Pilbara coast
More long distance driving across the Pilbara, firstly via Newman (which is a dump), Nullagine (which is hardly there at all) and Marble Bar (which is the hottest place in Australia, but bearable when we drop in).
Meentheena use to be a cattle station. When manganese mining started to the east, the road needed upgrading; apparently it was cheaper for the state to buy back the pastoral lease from the owners than to pay for a fence alongside the road. The station is currently leased by a veterans association, who are a fun bunch. We camp alongside the river, drive across the station to look at waterholes and fossils, and D2 wins a silly race held in lieu of the (cancelled) Marble Bar horse races. Other guests include mining surveyors, national parks staff and the aboriginal mob from up the coast. My guess is Meenthena will be a conservation reserve or national park fairly soon, with maybe a native title settlement also. If camping is allowed it will be quite different and somewhat restricted. We enjoy the place as it is for now.

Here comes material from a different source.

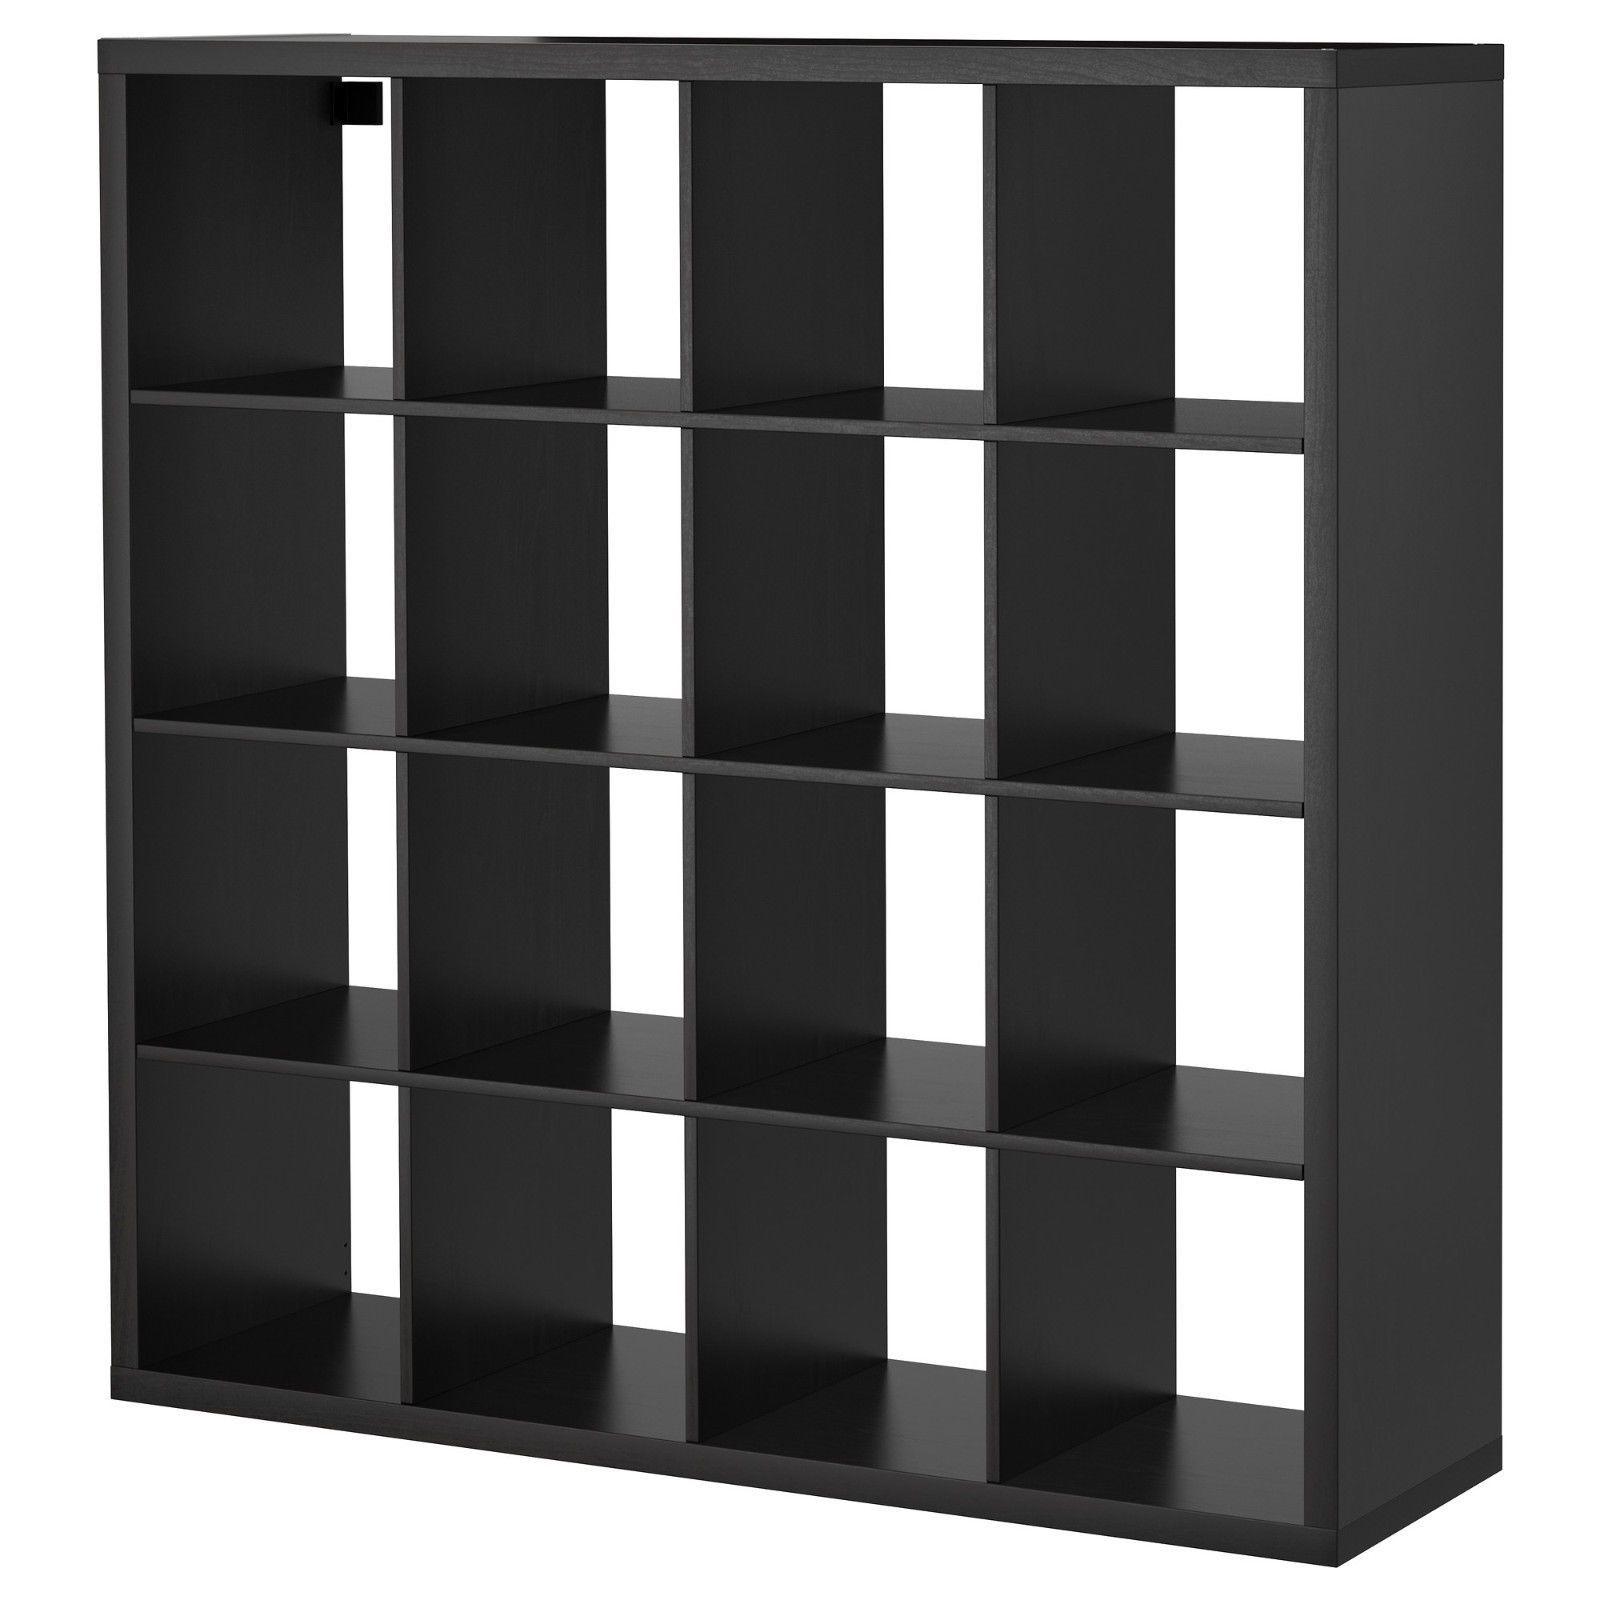 Ikea KALLAX 16 4x4 Shelf Shelving Unit Bookcase Storage Display Unit Rack Expedi https://t.co/u56JsbhfSS https://t.co/nIyVFBF4GK

Port Hedland is currently thriving, and a good place to refuel. Who knows what it will be like when the iron ore price inevitably drops. Boom and bust ...
Onwards to Pardoo Station campground. Huge wild beaches, with mangroves, shells, birds, great fishing (so I am told, I'm not a rod dangler), and 360 degree sunset views. The coast road (the only road really) continues north east, with the Great Sandy Desert to our right.
The final stop before the Kimberly proper is Barn Hill Station. Ocean view sites are a must. We eat great pizza, listening to the Saturday night entertainment (passable Neil Young covers). T and D2 have a stall at the weekly craft market, which is wildly successful, and pays for our stay.